Mobile device management solutions have long been a staple of federal security efforts, but as mobile technology evolves, untethered users are doing more than just syncing calendars and reading email while on the road. They are also accessing sensitive agency data and interacting with proprietary applications, which opens the door to new security risks.
Agencies need MDM solutions that can do more than just carry out basic administrative tasks. Fortunately, MDM is keeping pace with these demands. "MDM is evolving in many interesting ways, and enhanced security capabilities are one of the most important examples," says Eric Klein, senior analyst at VDC Research.
Case in point: When healthcare providers at the Veterans Affairs Department meet with patients, many carry bureau-provisioned tablets that securely call up patient records. Although the underlying proprietary applications don't allow patient data to be downloaded onto the devices, the VA relies on the AirWatch MDM platform for other security controls, such as knowing the location of each device and who's using it.
"MDM is one of the cornerstones of a successful mobile program," says DJ Kachman, director of mobile technologies and client security for the VA's Enterprise Systems Engineering office. "We use MDM to see how each device is conforming to our policies, including if it's running approved applications and an approved version of the operating system."
Photo: Jimmy Daly
An agency's MDM solution must be flexible enough to handle the different ways that users employ their devices, says ATF's Walter Bigelow.
Verifying the validity of applications is one aspect of mobile application management, an operation that some vendors are combining with MDM solutions to create enterprise mobility management systems. These systems may also come with capabilities for creating secure workspaces that separate corporate and personal data, verify that encryption has been enabled on the device and give IT administrators a way to broadcast messages to mobile users. For example, the VA vets each new version of an operating system. "MDM gives us a consolidated method of communicating with all the users of mobile devices," Kachman says.

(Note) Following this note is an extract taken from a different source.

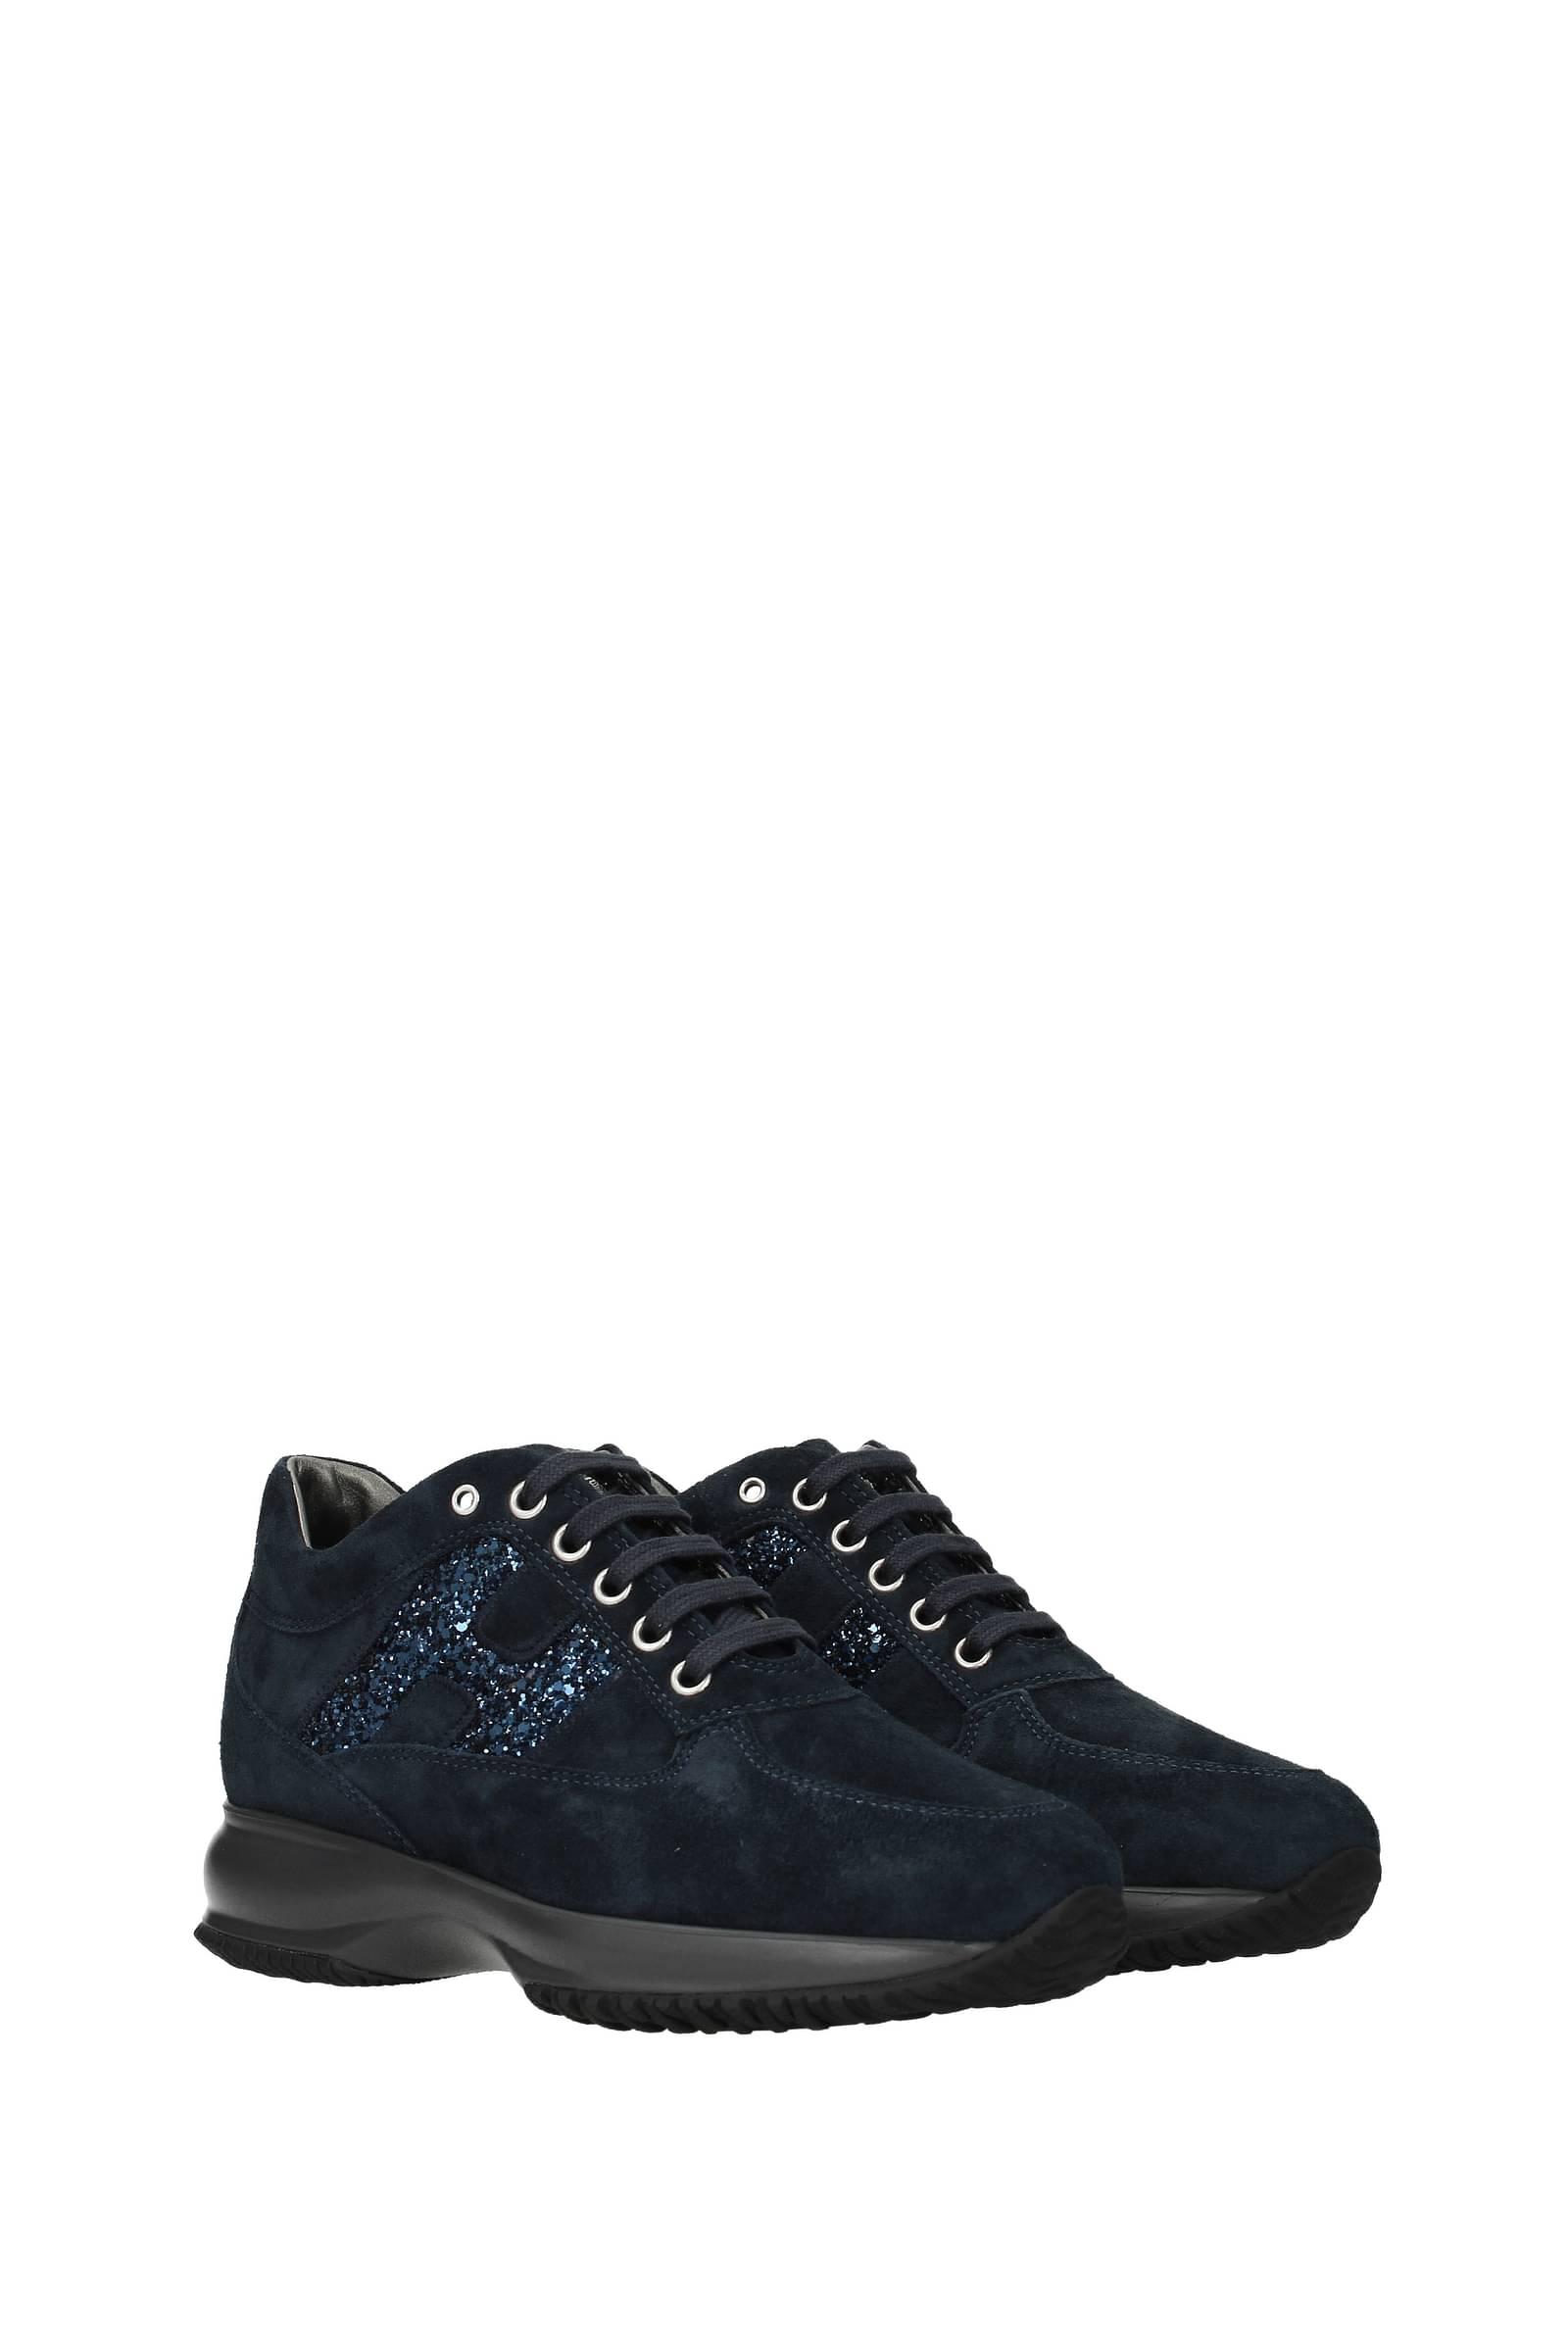 Hogan Sneakers interactive Donna HXW00N0S3609KE1001 Camoscio 147€

He sees bulked-up MDM programs as a positive trend for IT administrators. "It always makes more sense from an infrastructure perspective to have a solution that addresses a variety of capabilities rather than having to integrate a number of different components," Kachman says. "This gives us more control over how we expand going forward."
These new capabilities come on top of traditional MDM features, such as enforcing password policies, blocking jailbroken devices from logging on to agency networks and turning off device features that violate agency policies. MDM programs can also lock down lost or stolen devices and, when necessary, wipe the data that resides on them.
This feature came in handy for the Equal Employment Opportunity Commission when one of its executives reported losing a smartphone while on a Washington, D.C., Metro train during the morning commute. The agency used its MDM technology — the GO!Enterprise platform from Globo — to turn on the phone's geopositioning feature. The staff quickly determined that the phone was following the path of Metro's Red Line, indicating that it had probably dropped on the floor of a subway car rather than having been stolen. "This gave us insight into what had happened to the device so we could act accordingly," says CIO Kimberly Hancher. "We immediately followed our established procedures: We locked the device and did a full wipe of the data."
As a result, any sensitive government data or contact information that had been on the phone was protected from unauthorized disclosure.
Tailor MDM for Each Role
The Bureau of Alcohol, Tobacco, Firearms and Explosives (ATF) also is deploying flexible MDM systems that let managers easily enable or disable mobile device features. The agency provides smartphones and tablets to a wide range of users, from senior executives to field agents. The agency uses these devices to give users access to investigative reports, videos, calendars and email, as well as public mapping applications. ATF uses a combination of MDM solutions from Good Technology and AirWatch to administer and secure the devices.
"It's important to understand the various use cases and how agents may use mobile devices differently than managers and administrators," says Walter Bigelow, chief of ATF's IT Services Management Division. For example, the bureau disables Bluetooth communications on many of the smartphones it provides to staff members to reduce security risks. Phones for some field agents are an exception. "Agents who spend a lot of time in the car need hands-free capabilities," Bigelow says. "Otherwise, if you're holding a phone in one hand and a gun in the other, there aren't any hands left for the steering wheel."
NIST's Mobile Security Guidelines
MDM is just one element of an in-depth defense strategy for mobility. The National Institute of Standards and Technology's Guidelines for Managing the Security of Mobile Devices in the Enterprise updated its mobile security recommendations, originally published in 2008.
Among the recommendations are that agencies institute a mobile device security policy and secure each agency-issued device before providing it to a user. The publication includes guidance on securing organization-provided devices as well as personal smartphones and tablets used for work purposes.